Let me clarify the disk with hole in it has two stable axes of rotation and one unstable one. The unstable one is through the hole and the stable one is across (below in green) and normal to the disk.

Axes Def

I have confirmed that without friction (and from the videos in the link above) when the disk is spun on the unstable axis, it will perdiodically flip. This is what caused it to flip when the disk was falling without friction.

The additional nuiance here is the once it is on the "upsidedown" oriention and friction is present then the unstable axis becomes stable.

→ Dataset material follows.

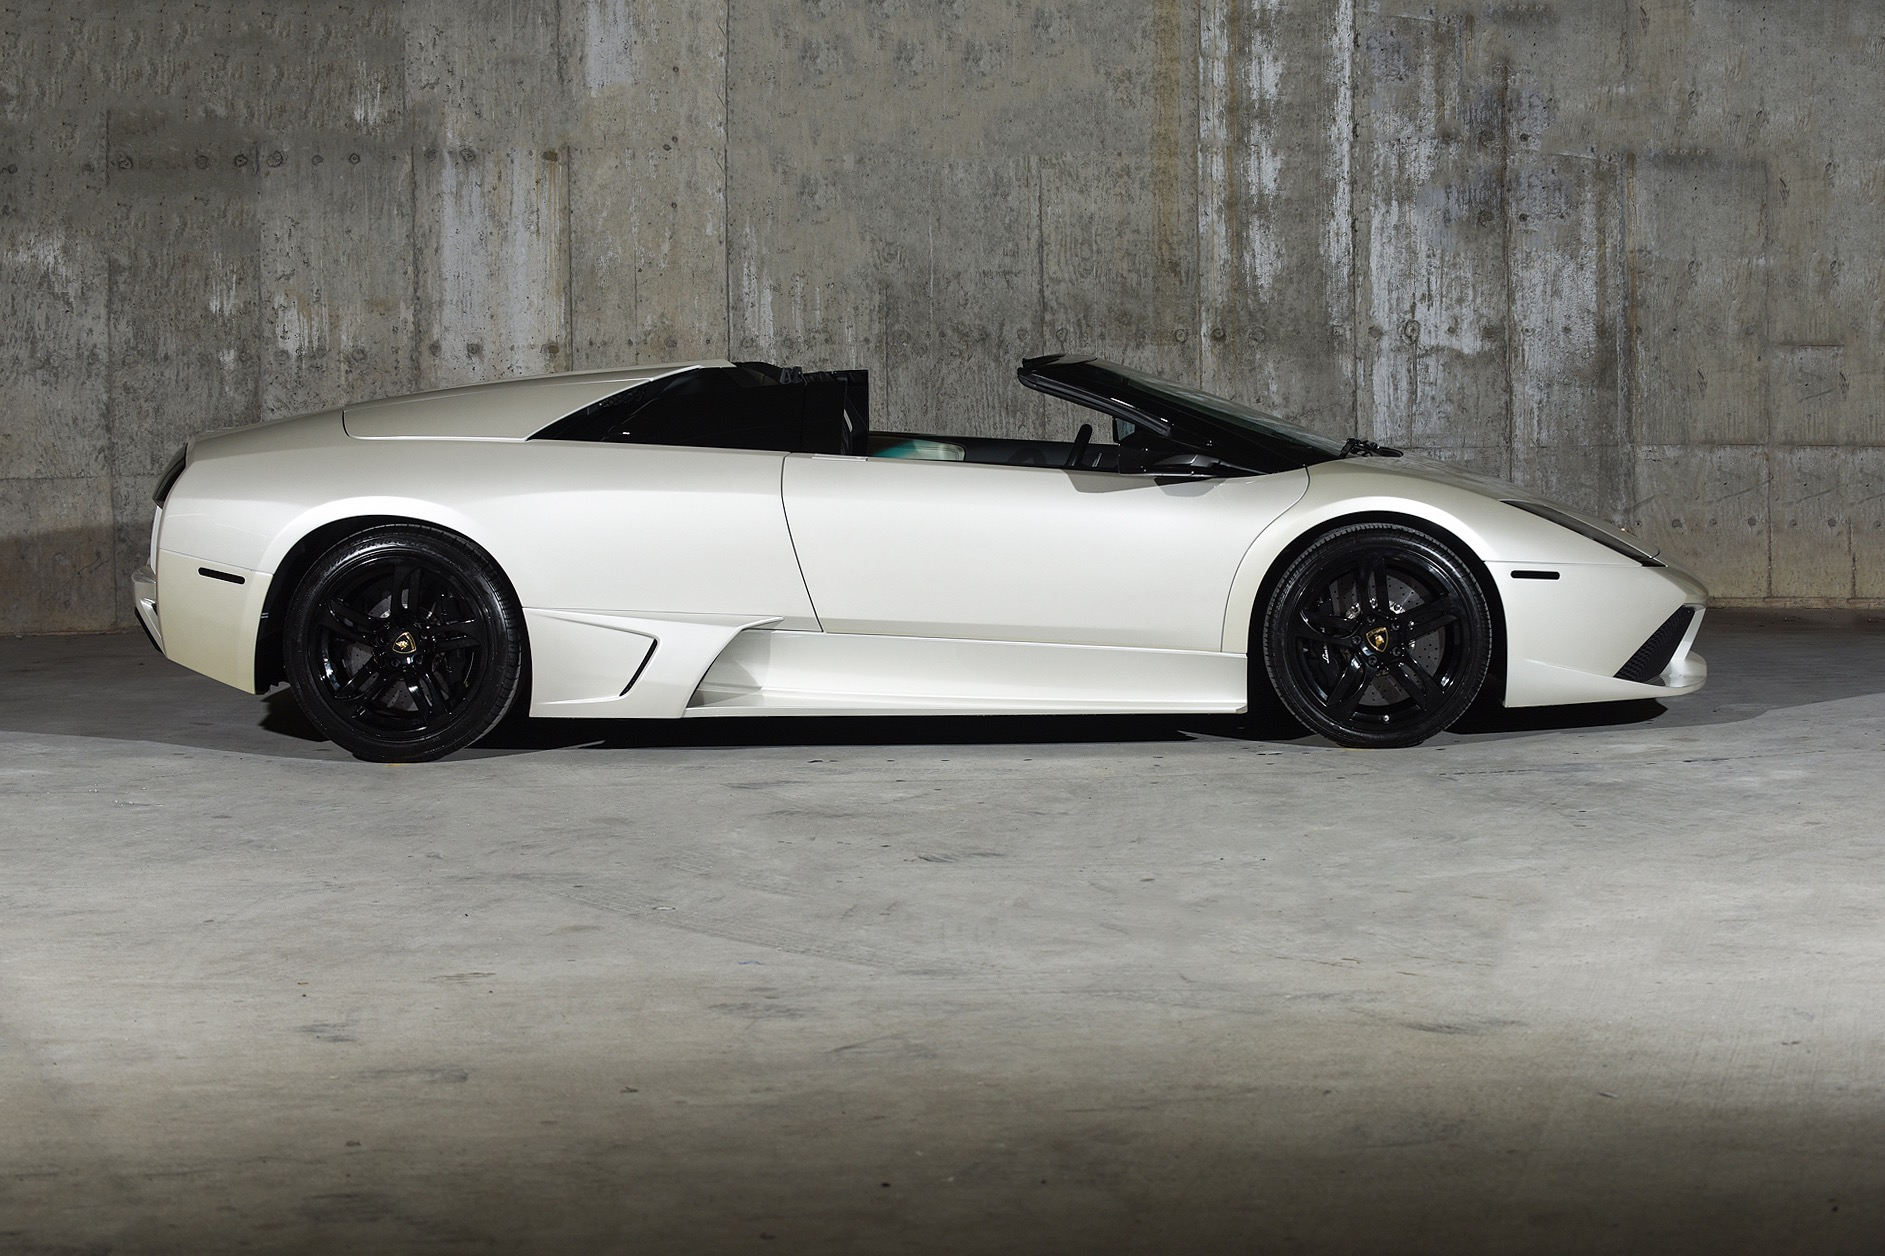 2010 Lamborghini Murcielago Lp 640 Stock 101c For Sale Near Valley
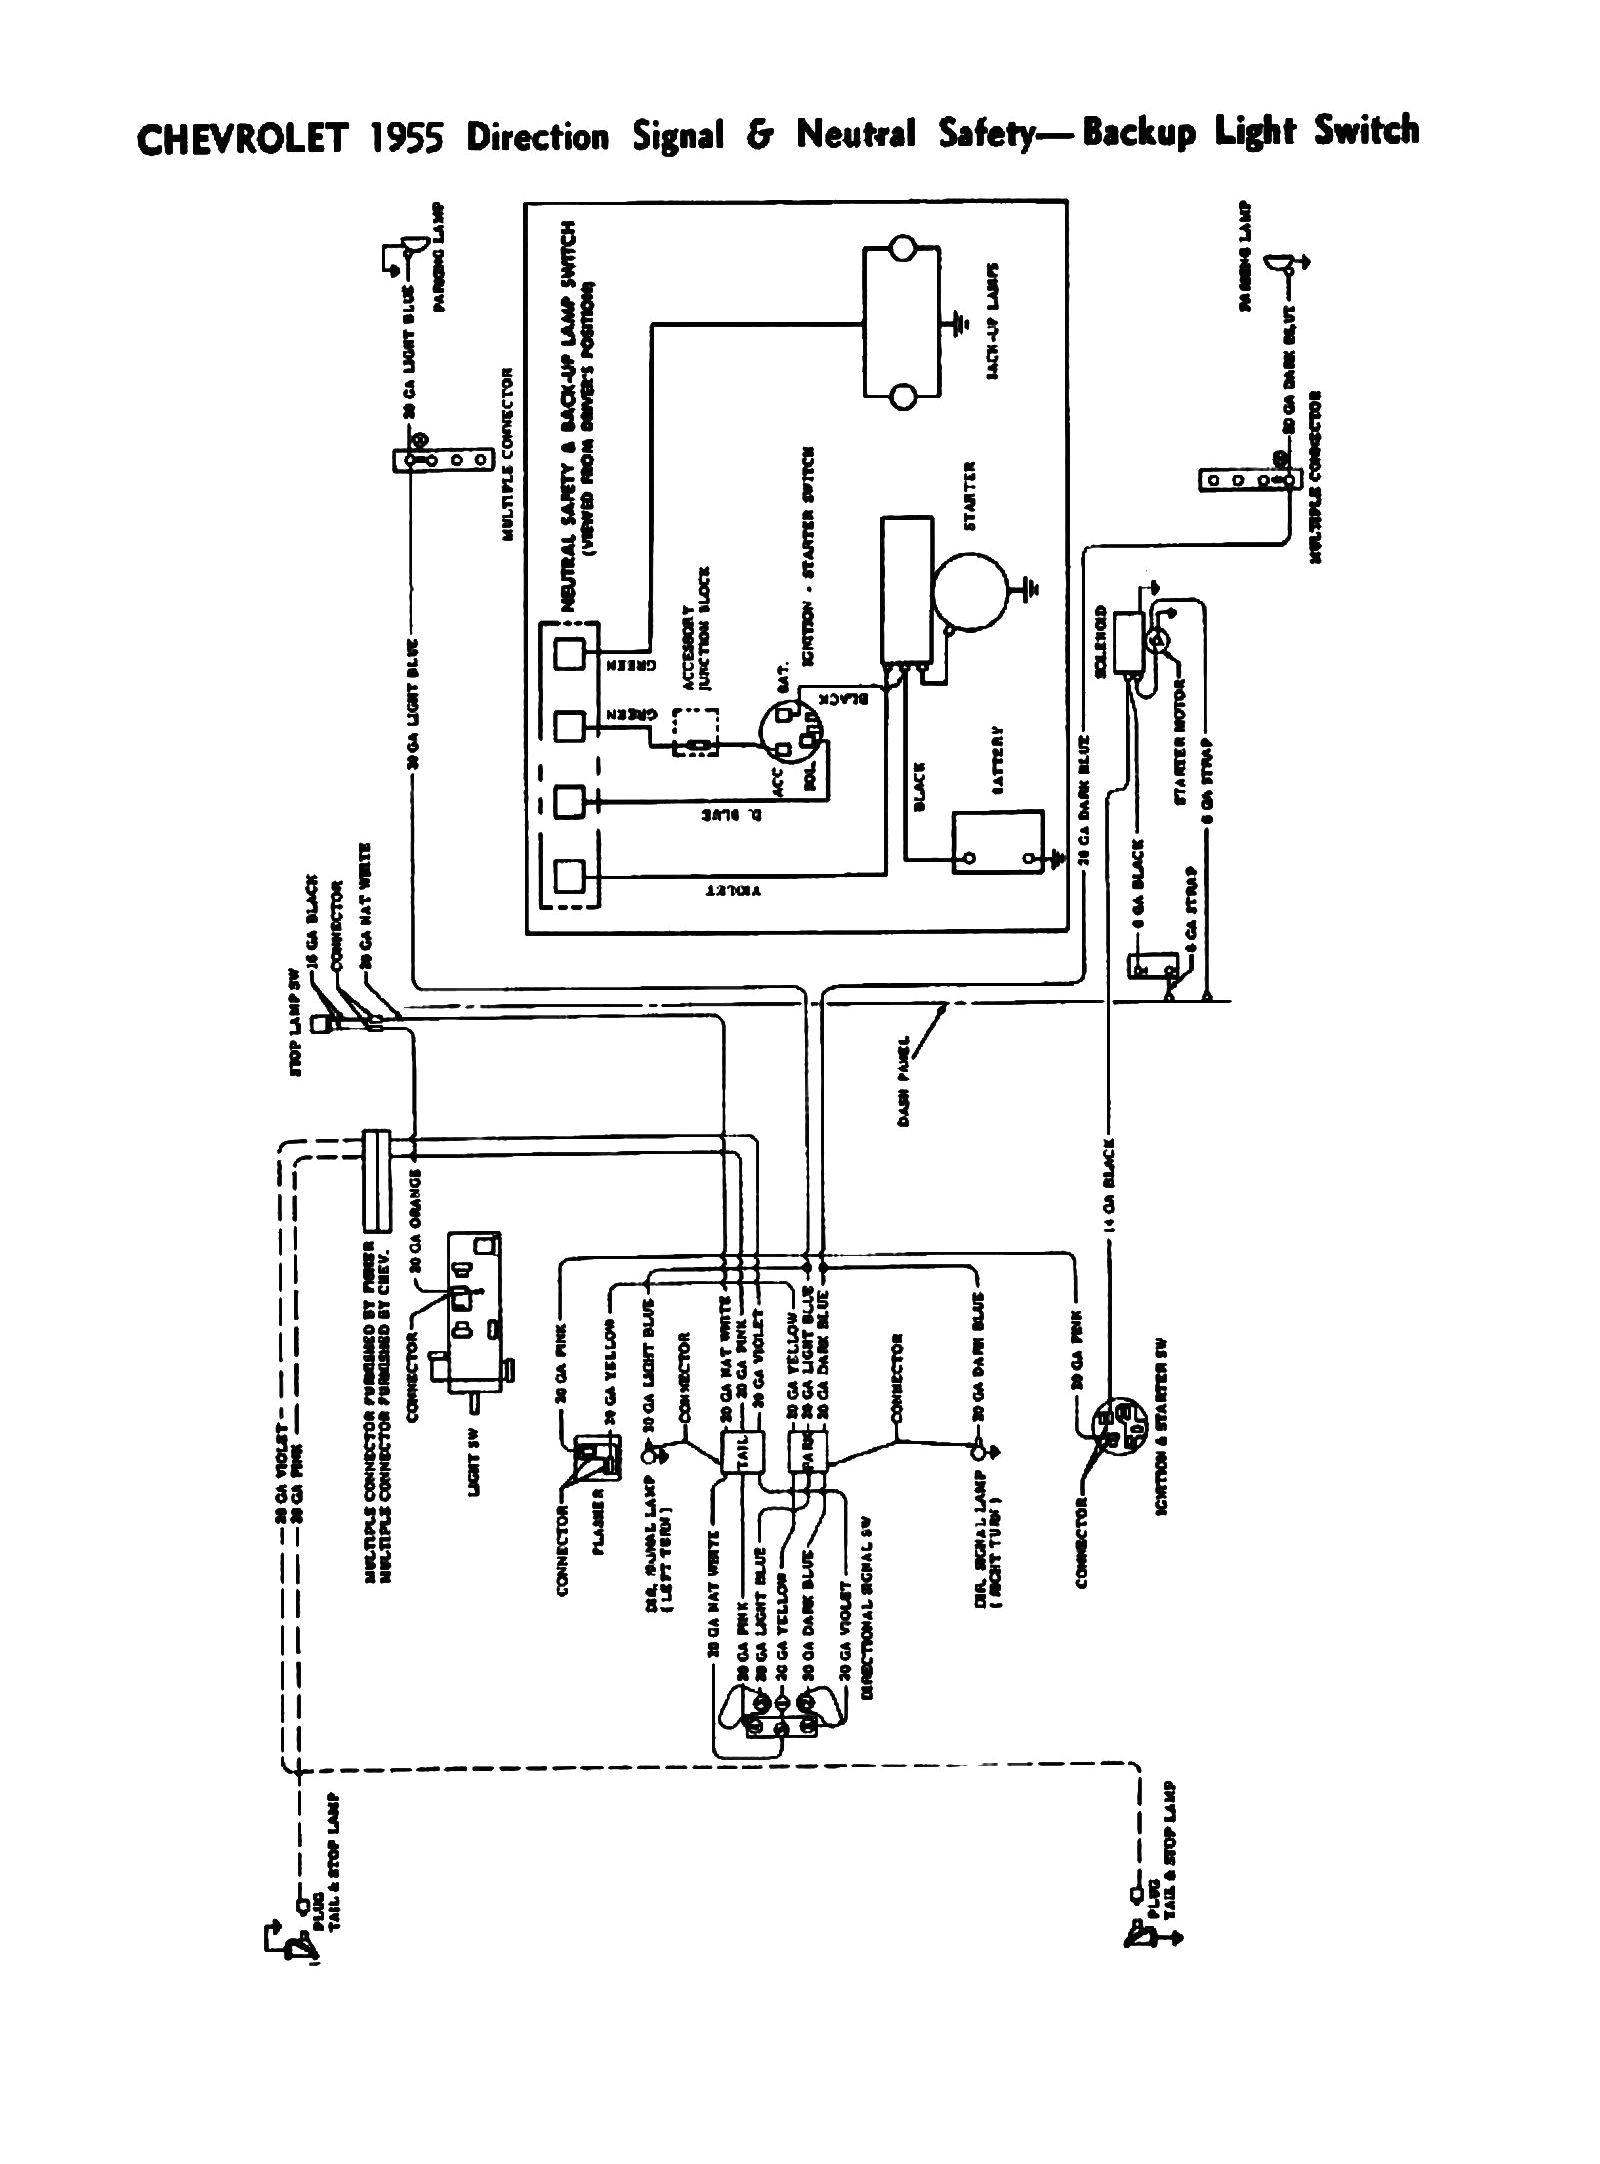 1957 chevy truck ignition system schematic autos post blog wiring car ignition wiring chevy truck switch diagram

If the hole spans from the center to the edge of the disk, then the center of gravity is at $$ \vec{c} = (0,-\frac{R}{6},0)$$ where $R$ is the outside radius of the disk. The principal moments of inertia about the center of mass are $$ \begin{aligned} I_{XX} & = m \left( \frac{\ell^2}{12} + \frac{29 R^2}{144} \right) \approx 0.2 m R^2 \\ I_{YY} & = m \left( \frac{\ell^2}{12} + \frac{5 R^2}{16} \right) \approx 0.31 m R^2 \\ I_{ZZ} & = m \left( \frac{37 R^2}{72} \right) \approx 0.51 m R^2 \end{aligned} $$

where $\ell$ is the thickness of the disk. Since $I_{YY}-I_{XX} = \frac{8}{37} I_{ZZ}$ this means that the y direction is the medium inertia value, x the minimum and z the maximum. Hence the instability about the y axis according to the Tennis Racket Effect.

I am working to qualify the above statement and I am going to update this post with my findings.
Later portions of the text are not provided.